To estimate the sample size for the study, we anticipated an increase in sperm concentration in the astaxanthin group, as reported in the only clinical study until now.46 With the assumption of a 34% increase as reported, with alpha 0.05 and power 80%, 32 cases were needed in each group. To account for drop-outs, we aimed to recruit 40 cases in each group.
Statistical analysis was carried out using the Statistical Package for the Social Science (SPSS), version 25, IBM Corp, Armonk, NY, USA. An independent Student’s t-test was used to analyze normally distributed data, and the Mann-Whitney test was used to analyze data that were not distributed normally. A paired t-test or the Wilcoxon test were applied to analyze the differences in the semen variables within groups. The chi-square test was applied to compare the exposure to occupational factors between groups. The results of continuous variables were expressed as the mean ± SD. P-values < 0.05 were considered significant.
A group of 256 men was assessed for eligibility; half (126 men, 49.2%) declined to participate, and 50 did not meet the inclusion criteria; 80 men were eligible and willing to participate and these individuals were randomized. Eight patients in both groups (10%) dropped out for personal reasons during the treatment, and thus, 72 patients completed the trial. No adverse effects during the treatment were reported. Finally, we analyzed the effect of treatment in 37 patients in the astaxanthin and 35 patients in the placebo group (Figure 1).
Figure 1
CONSORT flow chart of study presenting the inclusion criteria, randomization and follow-up of participants.
Five patients were not included in the statistical analyses on changes in sperm total number and concentration and 27 patients were not includ ed in the statistical analyses on the motility of spermatozoa as in these patients only a few mobile or immobile spermatozoa in the semen sample were present. At baseline, all patients in the astaxanthin group were in accordance with WHO criteria for OAT. In the placebo group, all patients were in accordance with the WHO criteria for oligo-teratozoospermia and two-thirds for asthenozoospermia.
The epidemiological and semen characteristics of the included patients are summarized in Table 1. There were no statistically significant differences between all parameters of both groups of patients upon enrollment. In addition, exposure of patients to chemicals, ultraviolet rays, X-ray radiation, high temperature, and a sedentary job according to their history (questionnaire) have not been related to the semen parameters in the studied population of men.
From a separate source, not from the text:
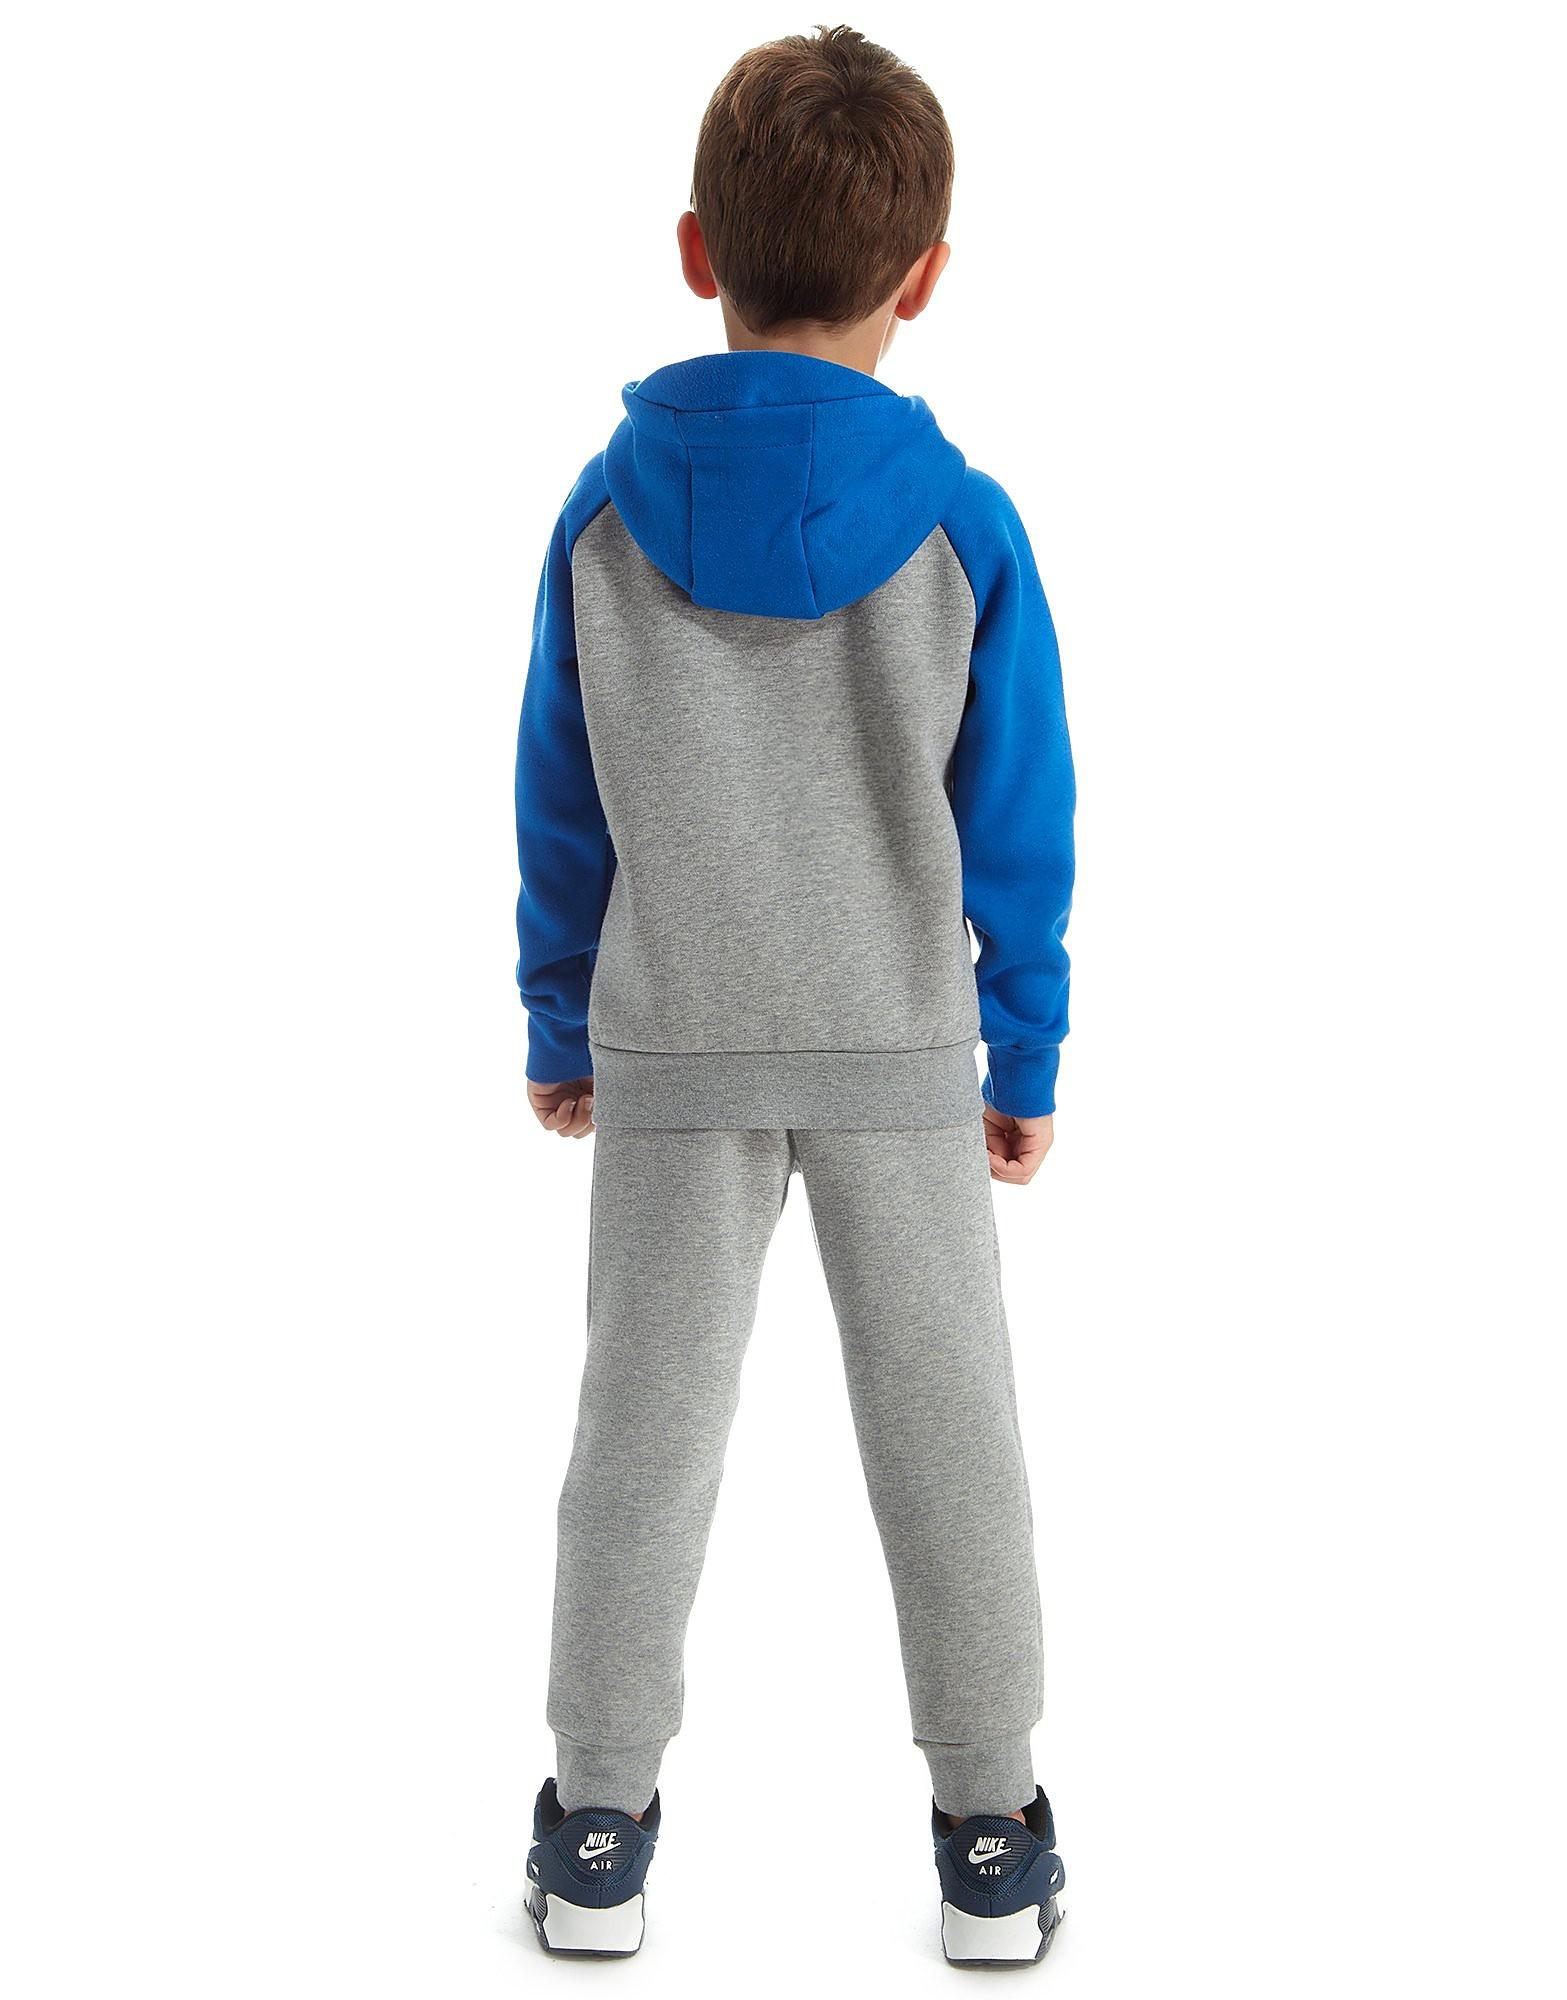 Nike Air Fleece Suit Children

Comparison of baseline characteristics of patients in astaxanthin and placebo groups
| Characteristic | Astaxanthin (n = 37) | Placebo (n = 35) | p-value |
|---|---|---|---|
| Age (years) | 35.0 ± 5.2 | 36.4 ± 5.5 | 0.276 |
| BMI (kg/m2) | 25.9 ± 3.8 | 27.1 ± 4.6 | 0.162 |
| Smoking (no. of cigarettes smoked / day) | 4.8 ± 6.8 | 3.6 ± 6.8 | 0.264 |
| Sperm concentration (million /ml) = the analysis for total sperm number and sperm concentration was made for 34/37 patients from the astaxanthin group and 35/35 patients from the placebo group, since the excluded patients only had a few mobile or immobile spermatozoa in the semen sample; | 6.9 ± 5.7 | 5.4 ± 5.8 | 0.297 |
| Total sperm number (million/ejaculate) = the analysis for total sperm number and sperm concentration was made for 34/37 patients from the astaxanthin group and 35/35 patients from the placebo group, since the excluded patients only had a few mobile or immobile spermatozoa in the semen sample; | 23.9 ± 28.4 | 15.6 ± 21.0 | 0.164 |
| Total sperm motility (%) = the analysis for total and progressive sperm motility was made for 25/37 patients from the astaxanthin group and 20/35 patients from placebo group, since the excluded patients only had a few mobile or immobile spermatozoa in the semen sample; | 29.9 ± 14.8 | 38.2 ± 14.8 | 0.063 |
| Progressive sperm motility (%) = the analysis for total and progressive sperm motility was made for 25/37 patients from the astaxanthin group and 20/35 patients from placebo group, since the excluded patients only had a few mobile or immobile spermatozoa in the semen sample; | 25.1 ± 14.5 | 33.3 ± 14.6 | 0.063 |
| Sperm morphology (%) | 1.8 ± 2.1 | 1.9 ± 2.0 | 0.663 |
| Sperm head defect (%) | 95.1 ± 16.2 | 97.5 ± 3.3 | 0.936 |
| Sperm neck + midpiece defect (%) | 2.9 ± 16.4 | 0.2 ± 0.8 | 0.981 |
| Sperm tail defect (%) | 0.2 ± 0.6 | 0.5 ± 1.0 | 0.424 |
| Leukocytes with peroxidase (million/ml) | 0.3 ± 0.3 | 0.5 ± 0.8 | 0.976 |
| Mitochondrial membrane potential (%) = the proportion of spermatozoa with normal MMP; | 27.5 ± 18.5 | 26.9 ± 15.3 | 0.888 |
| DNA fragmentation (%) | 50.5 ± 23.9 | 45.8 ± 21.8 | 0.424 |
| FSH (IU/l) | 9.7 ± 7.8 | 9.2 ± 5.8 | 0.919 |
| Chemicals at work (% exposed) | 5.4 | 14.3 | 0.204 |
| Ultraviolet rays at work (% exposed) | 2.7 | 0 | 0.327 |
| X-ray at work (% exposed) | 0 | 11.4 | 0.051 |
| High temperature at work (% exposed) | 13.5 | 14.3 | 0.925 |
| Sedentary job (% exposed) | 45.9 | 40.0 | 0.611 |
Results are presented as average (± SD) or percentage (%). Differences at baseline assessed with independent Student t-test, Mann-Whitney U-test or Chi-square test, as appropriate.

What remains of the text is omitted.